## Work item:
Copy the data that appears below exactly. Drop the pictures.

## Recorded data:
....................
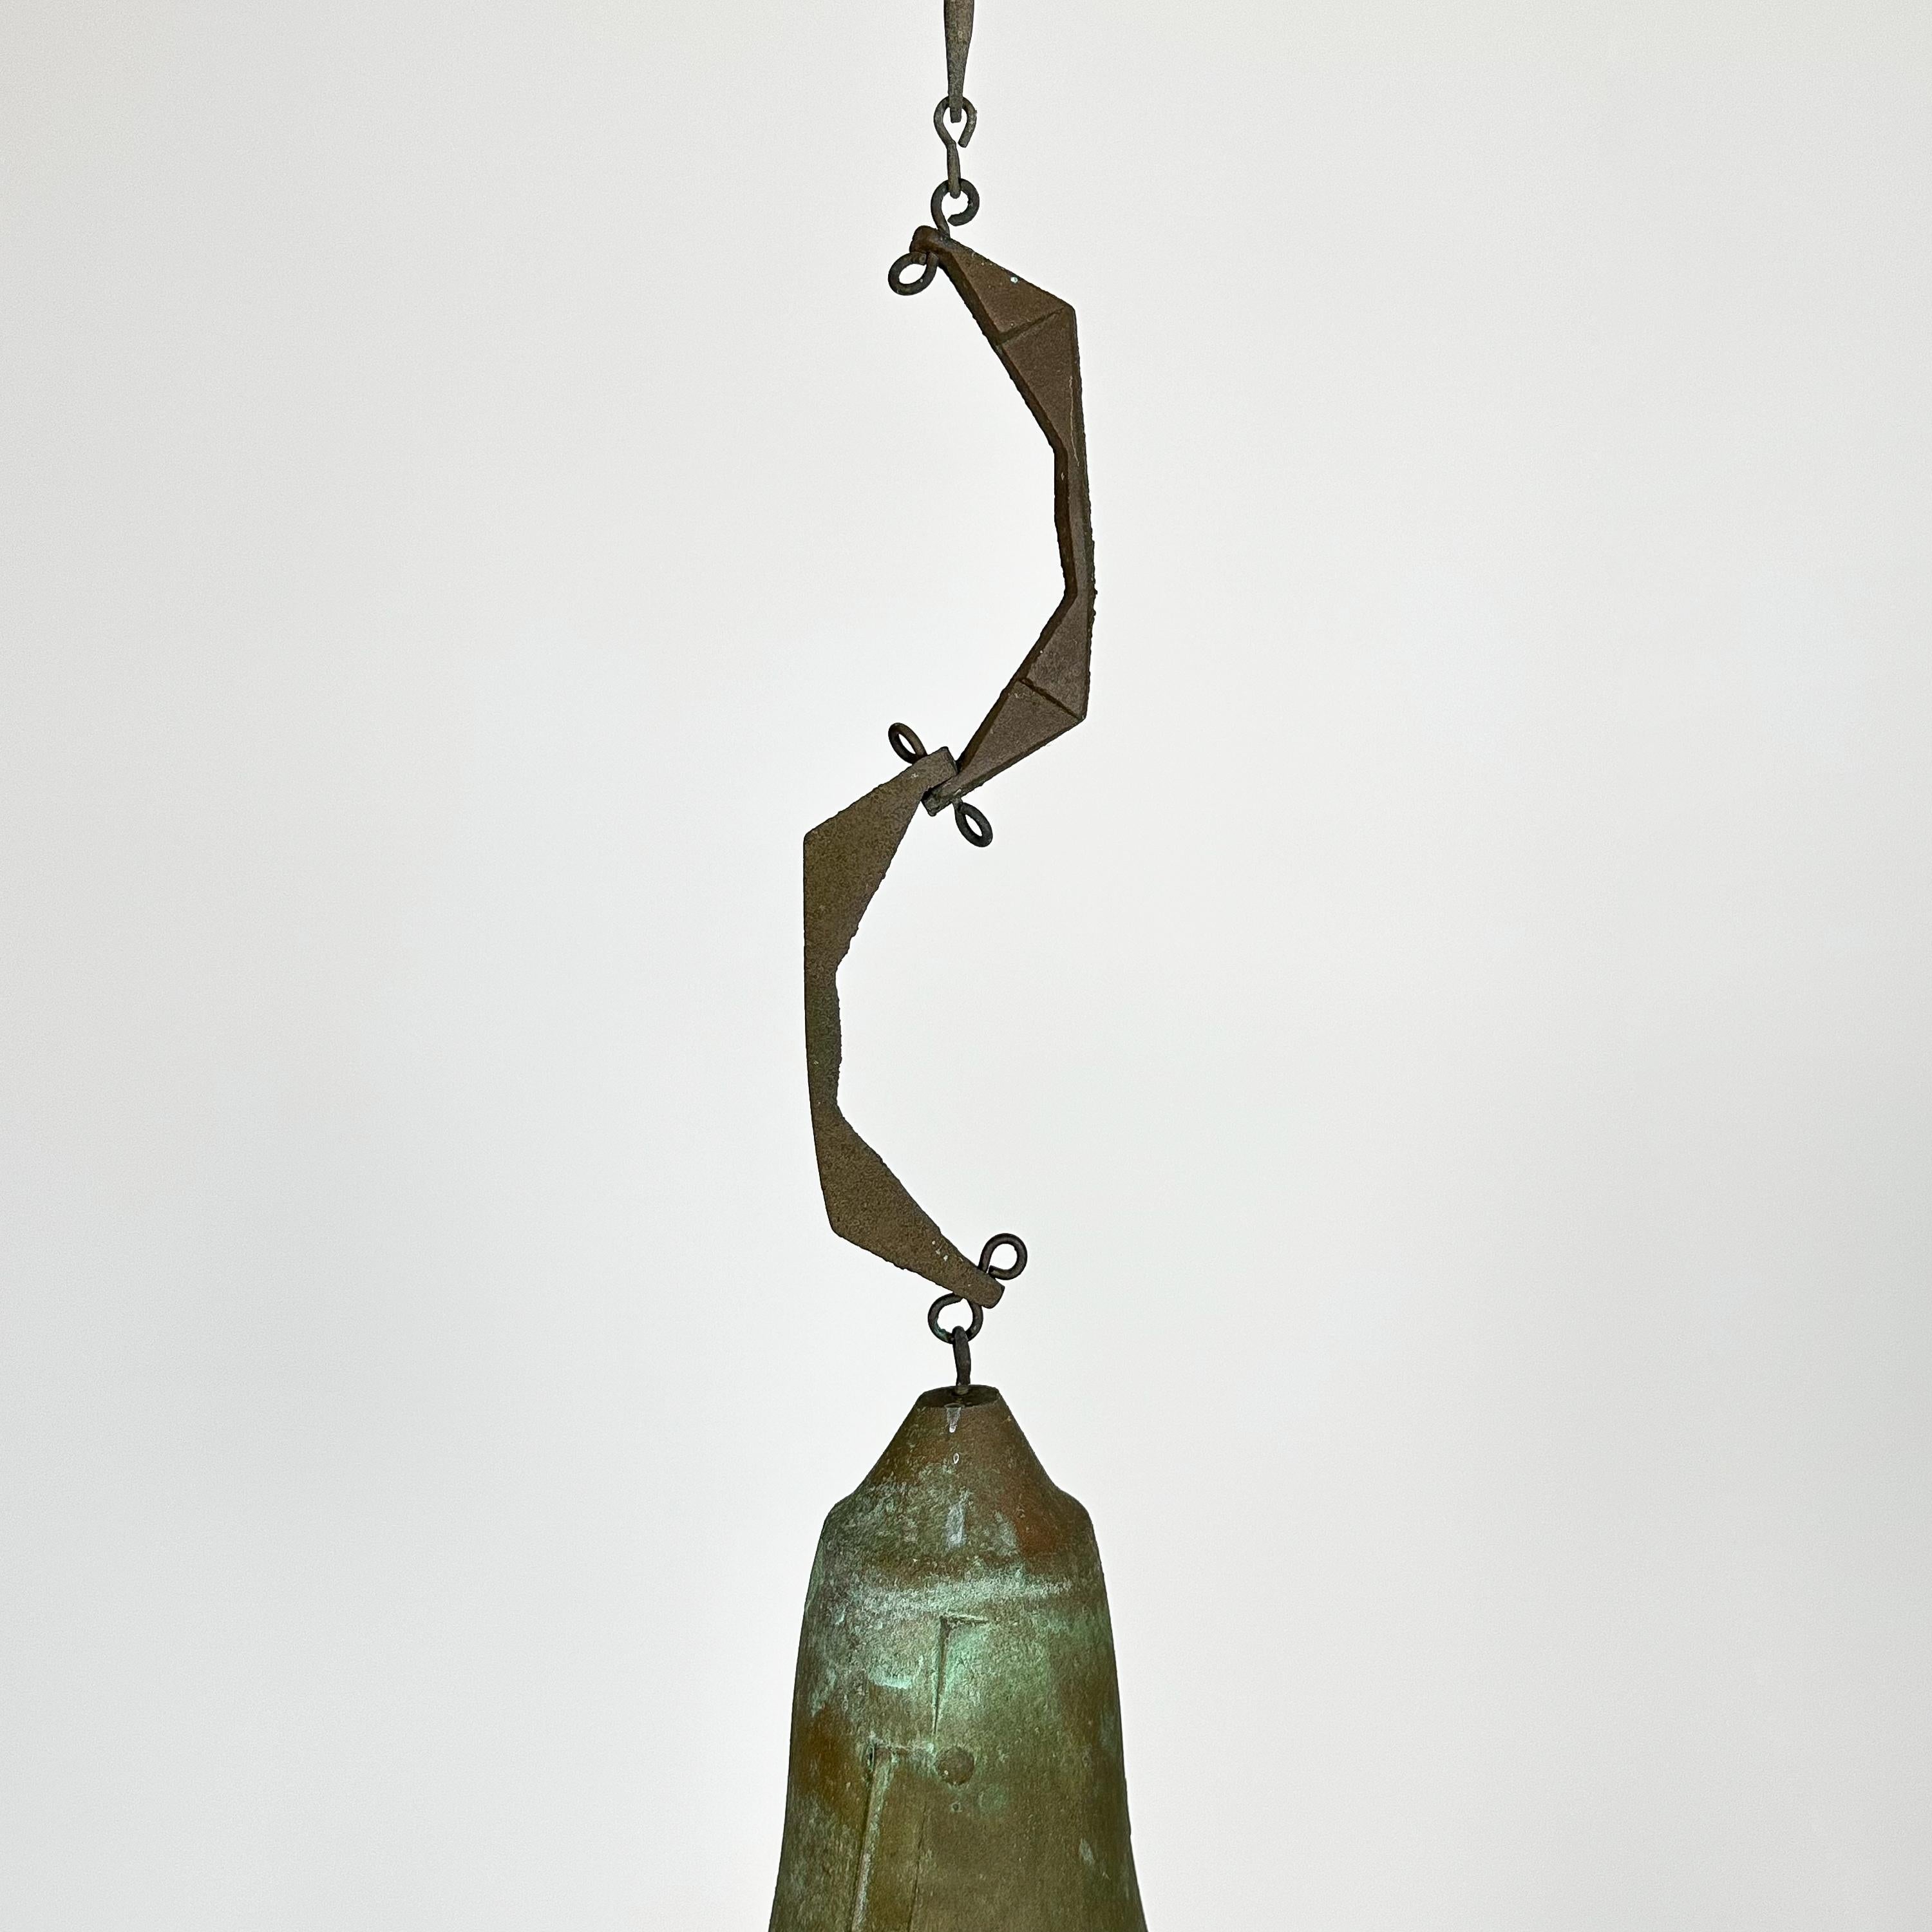 Cast Mid-Century Bronze Bell / Wind Chime by Paolo Soleri for Arcosanti 
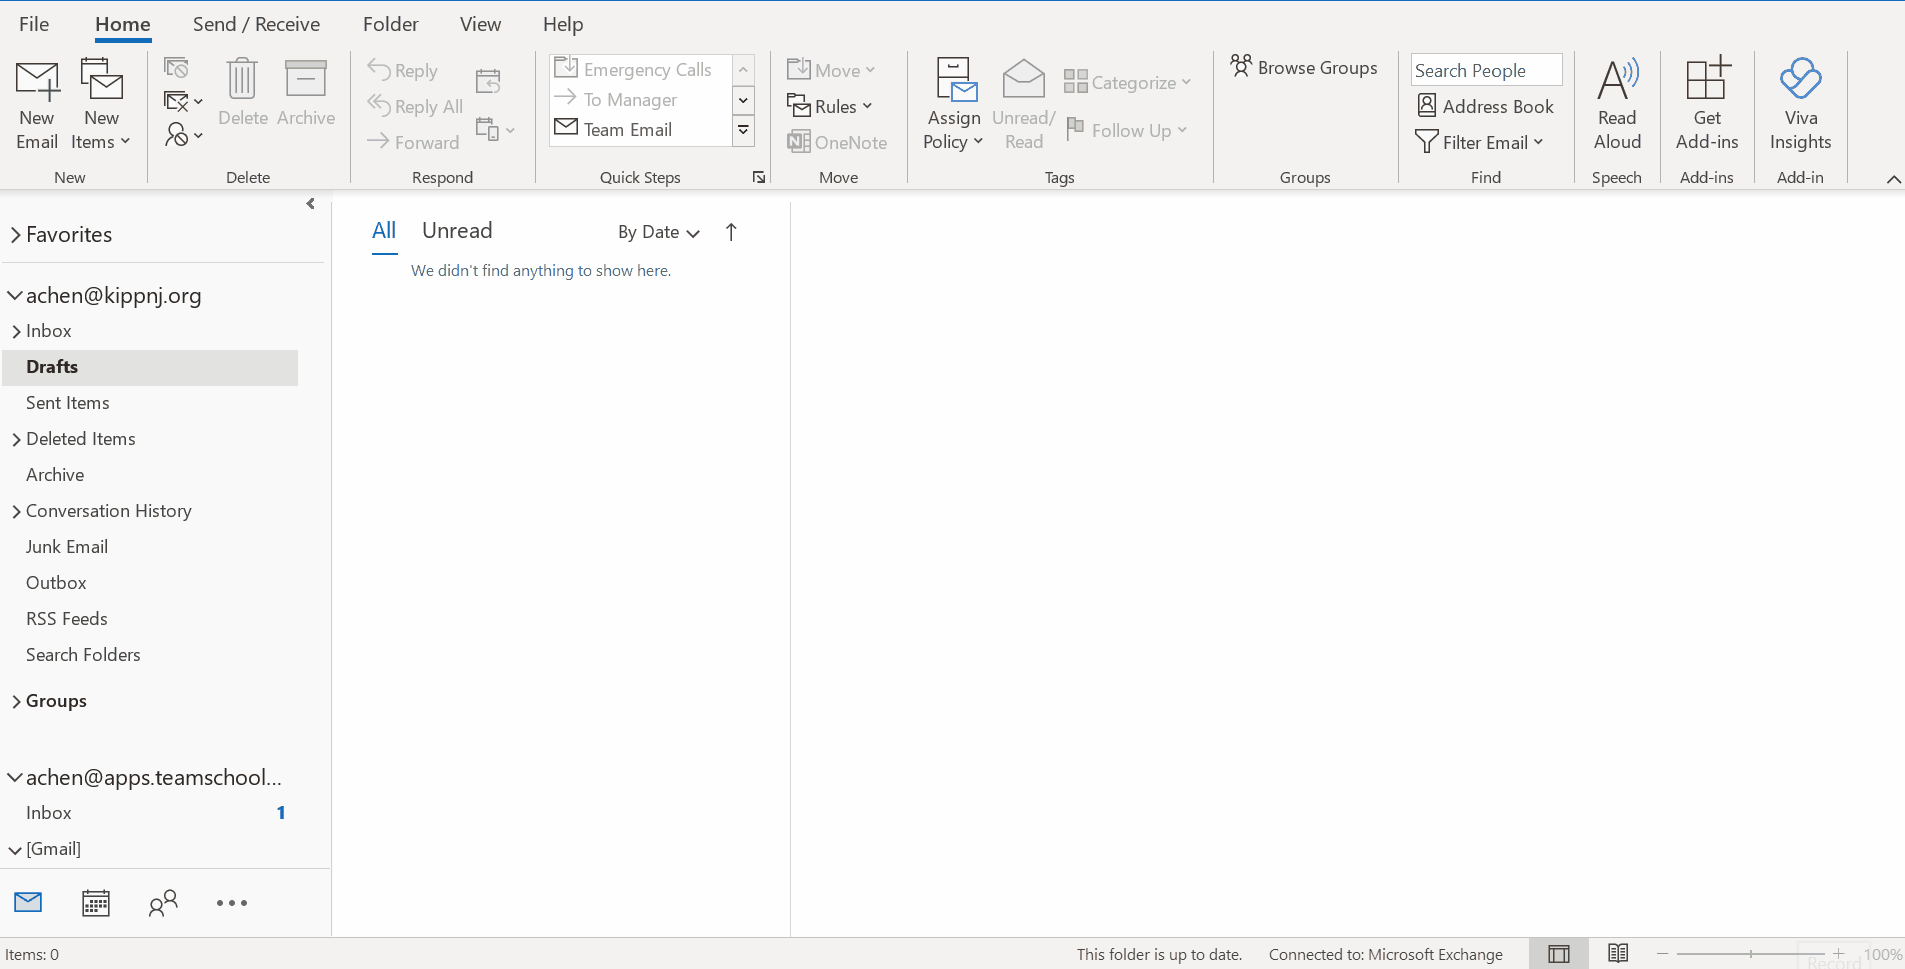 zoom for outlook plugin download
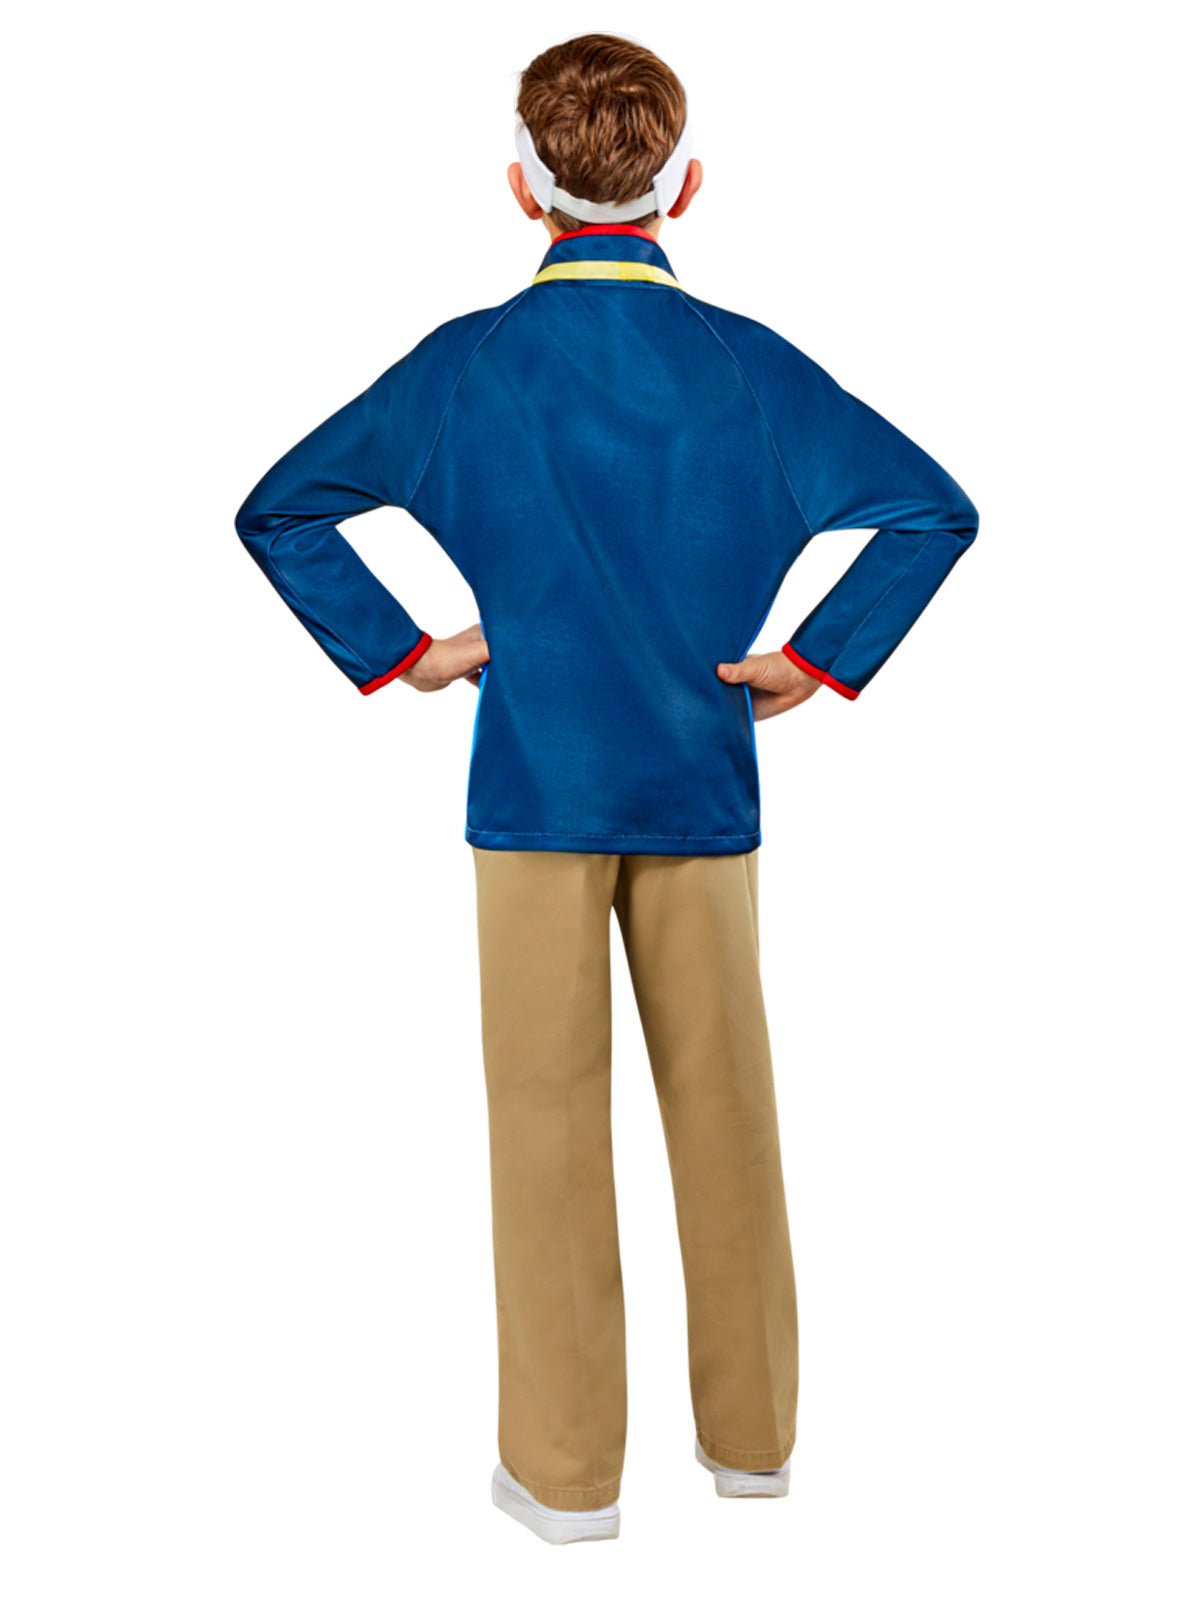 Dress Up as the Beloved Soccer Coach: Ted Lasso Fun!
....................
## Exercise solution:
 Cast Mid-Century Bronze Bell / Wind Chime by Paolo Soleri for Arcosanti 
 zoom for outlook plugin download
 Dress Up as the Beloved Soccer Coach: Ted Lasso Fun!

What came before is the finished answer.